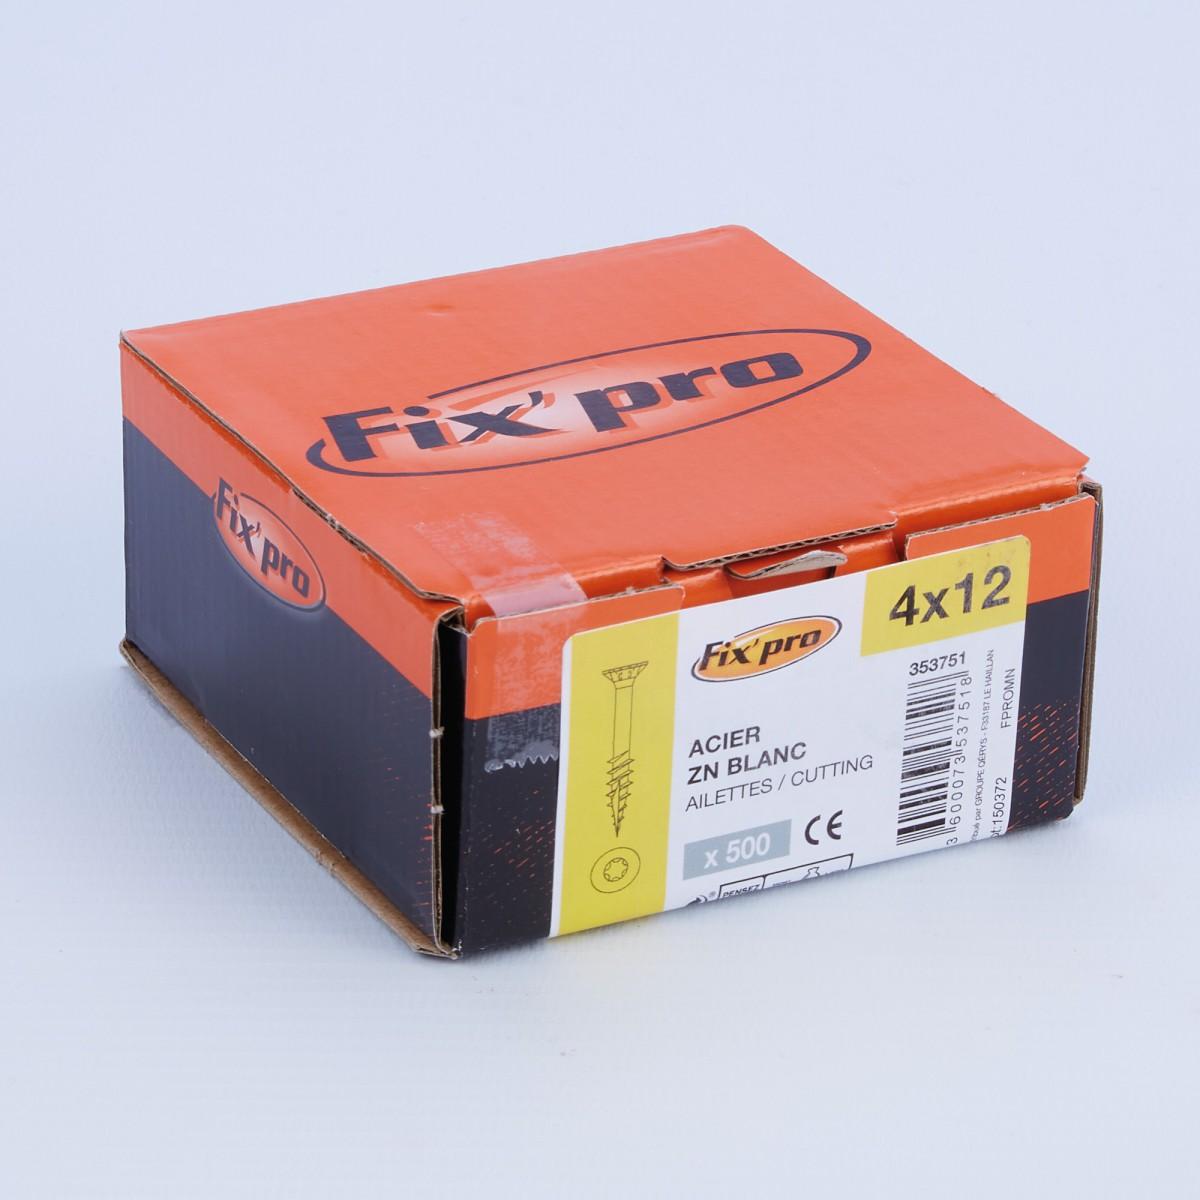 Vis à bois tête fraisée TX - 4x12 - 500pces - Fixpro
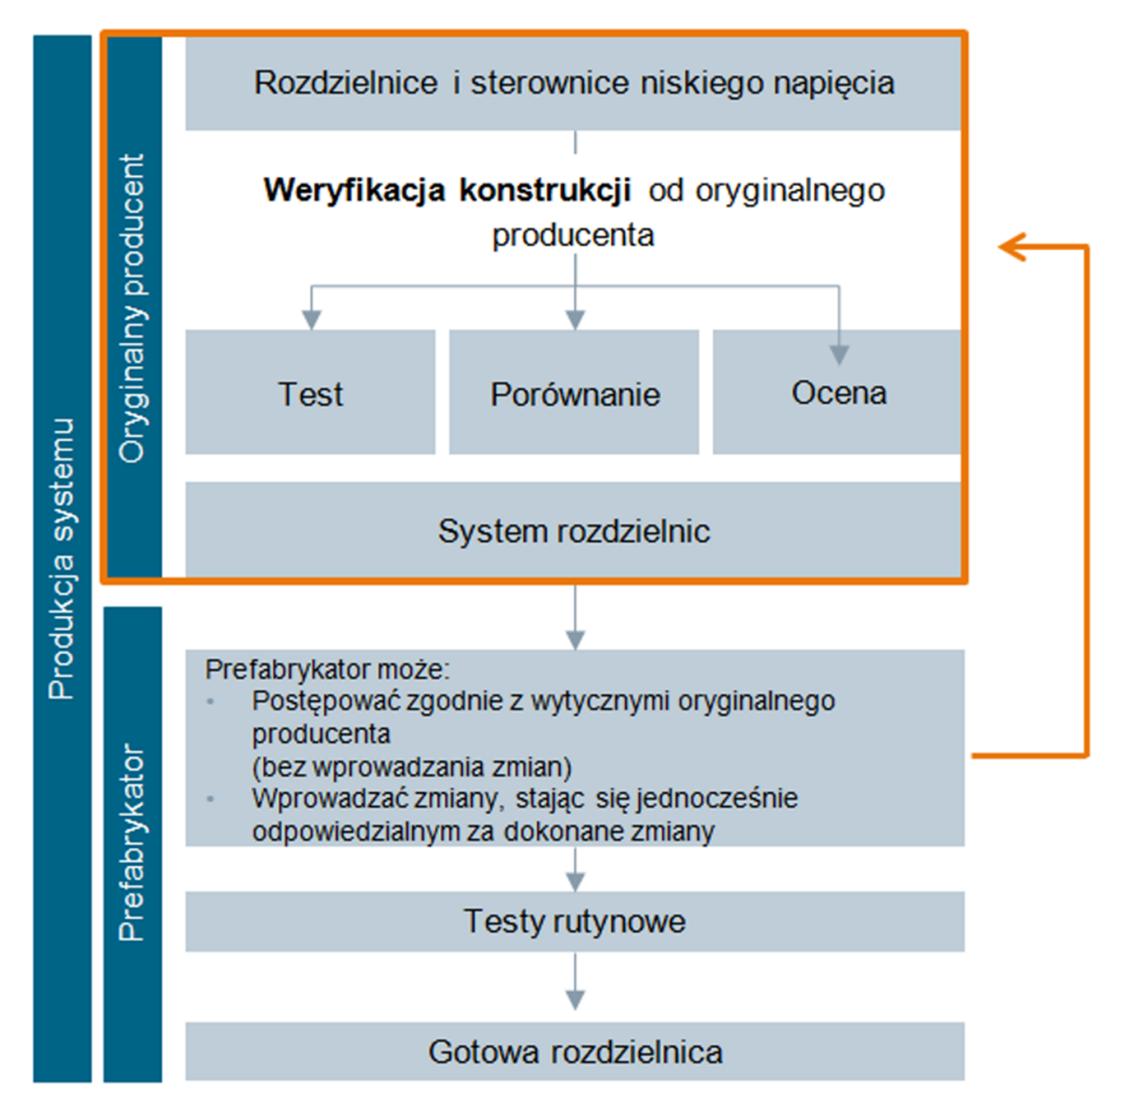 Rysunek przedstawia podział odpowiedzialności pomiędzy producenta oryginalnego rozdzielnic i prefabrykatora.
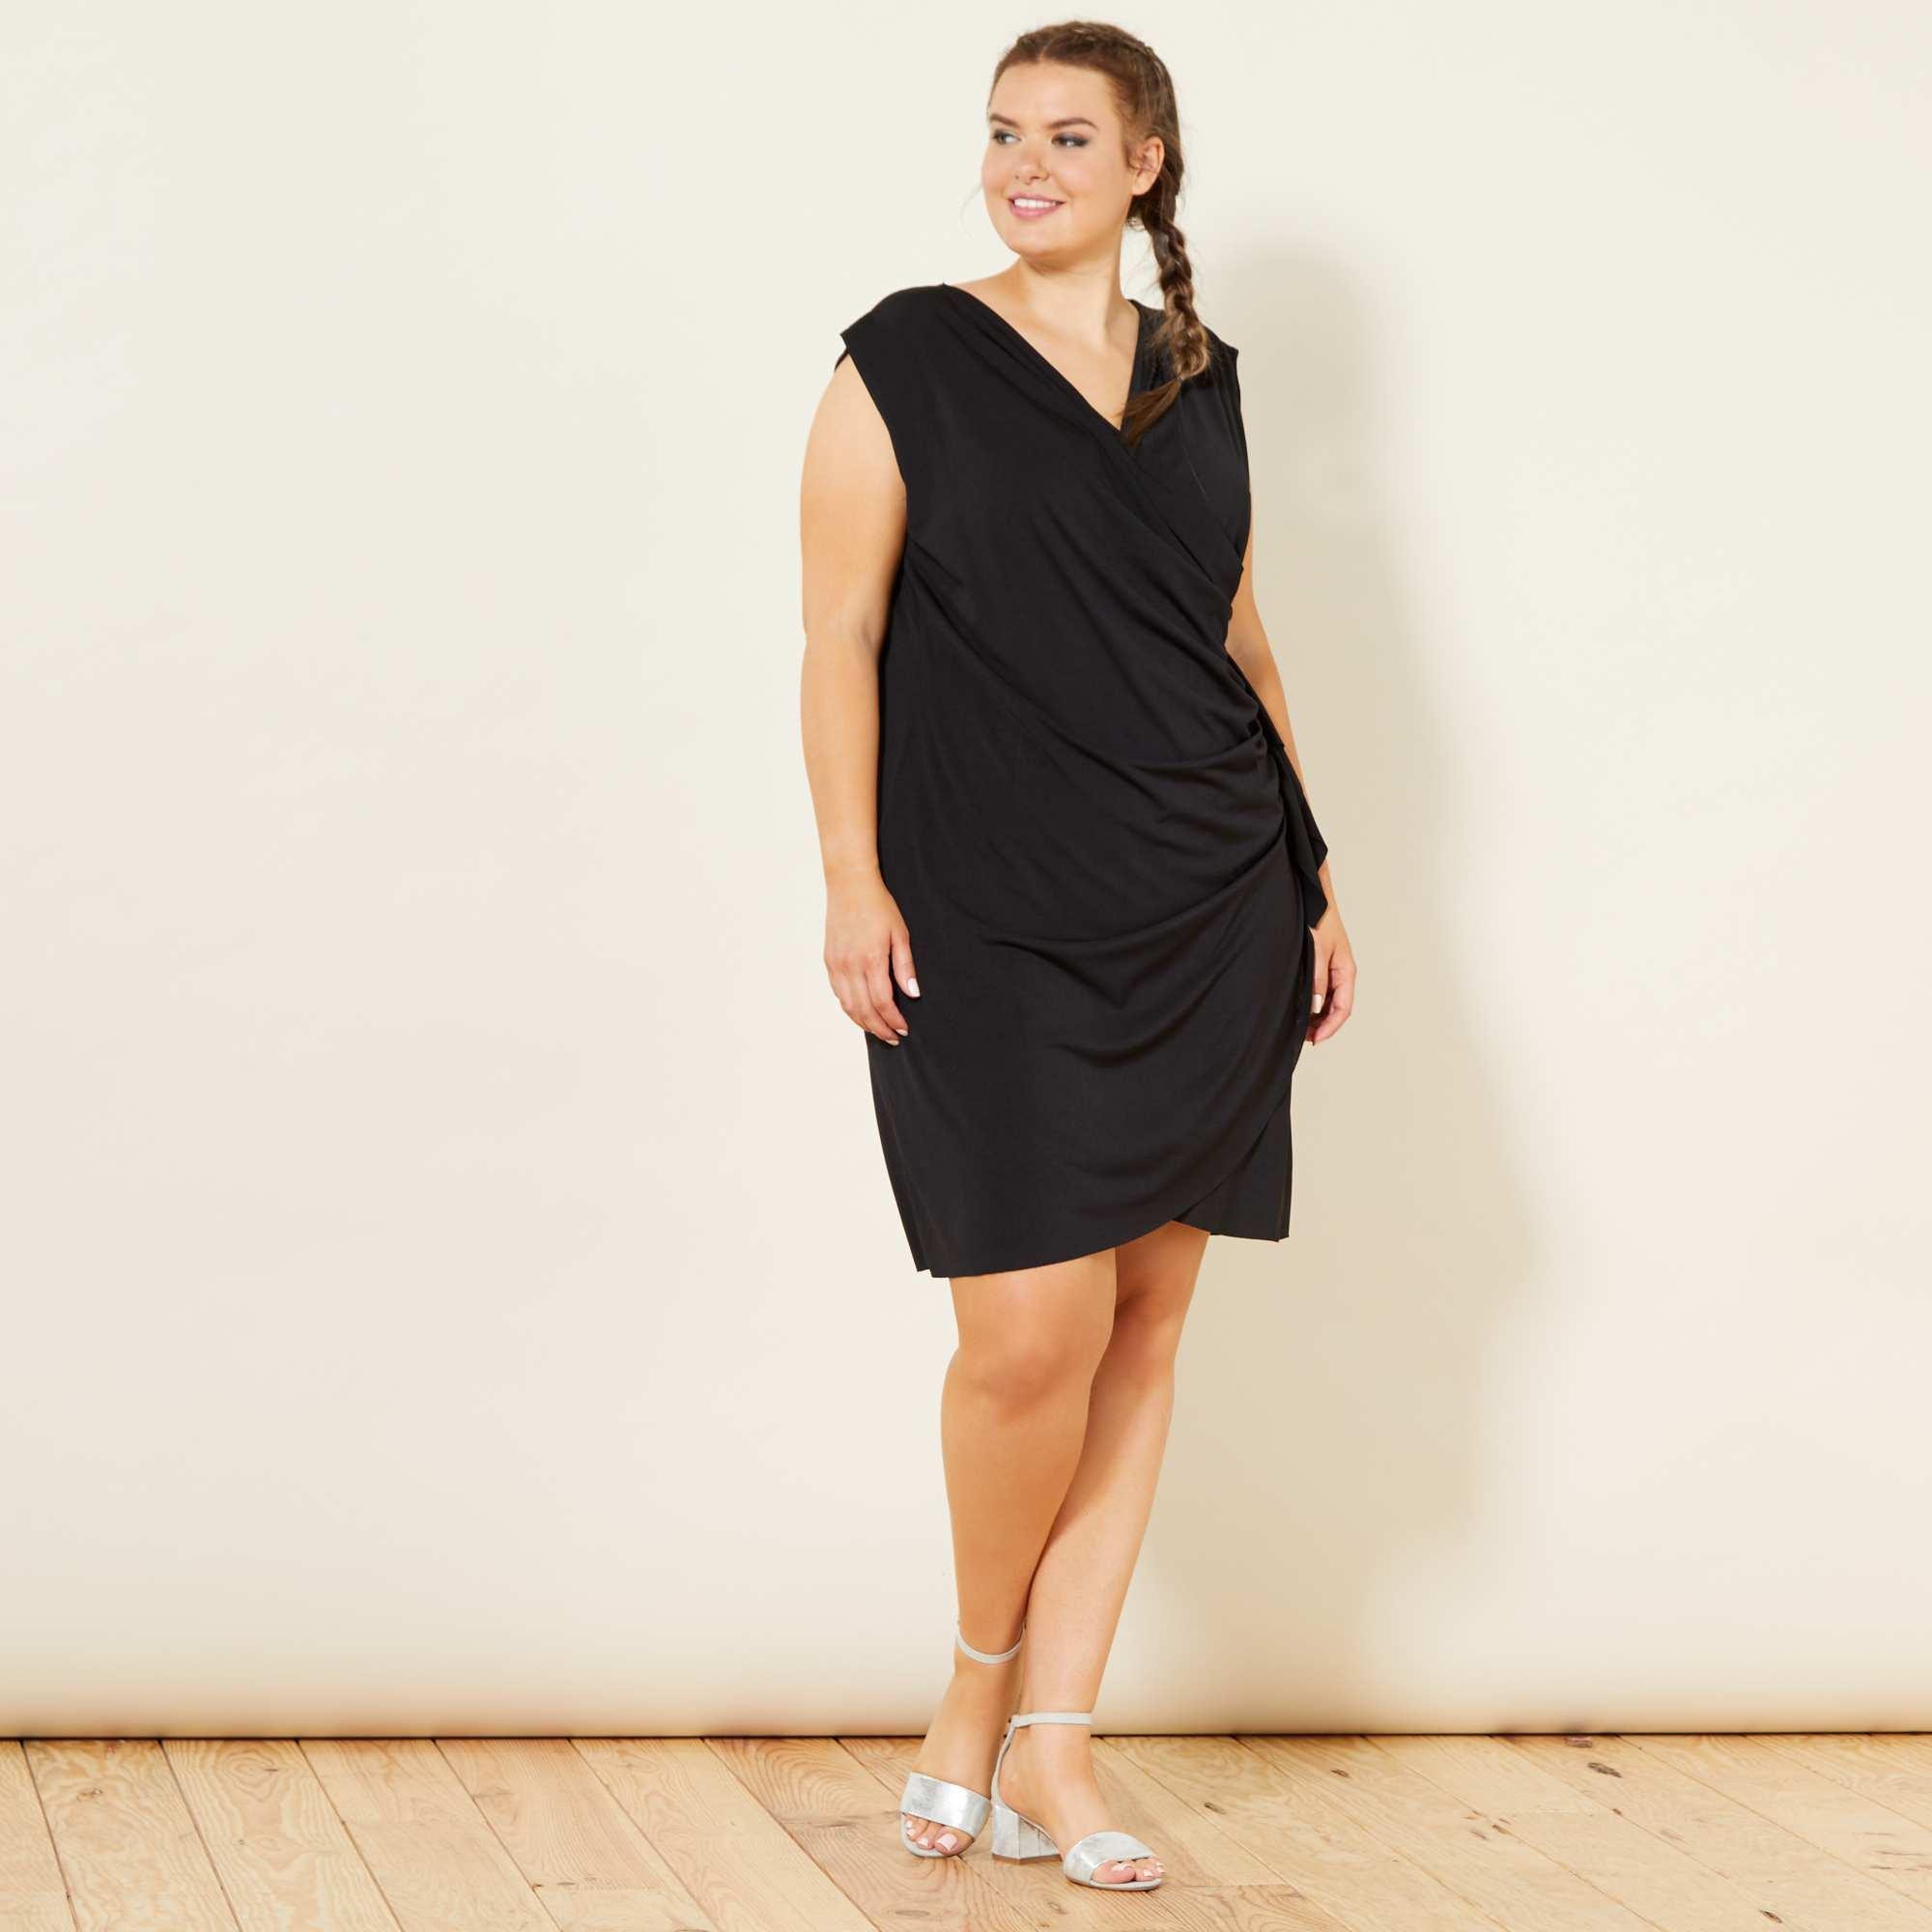 aa5d29192c492d Gedrapeerde jurk met print zwart Dames size+. Loading zoom

****************************************

YOUR ASSIGNMENT ▸ No pictures belong in the answer; copy all other parts of the listing exactly.

TASK OUTPUT ▸
 Vis à bois tête fraisée TX - 4x12 - 500pces - Fixpro
 Rysunek przedstawia podział odpowiedzialności pomiędzy producenta oryginalnego rozdzielnic i prefabrykatora.
 aa5d29192c492d Gedrapeerde jurk met print zwart Dames size+. Loading zoom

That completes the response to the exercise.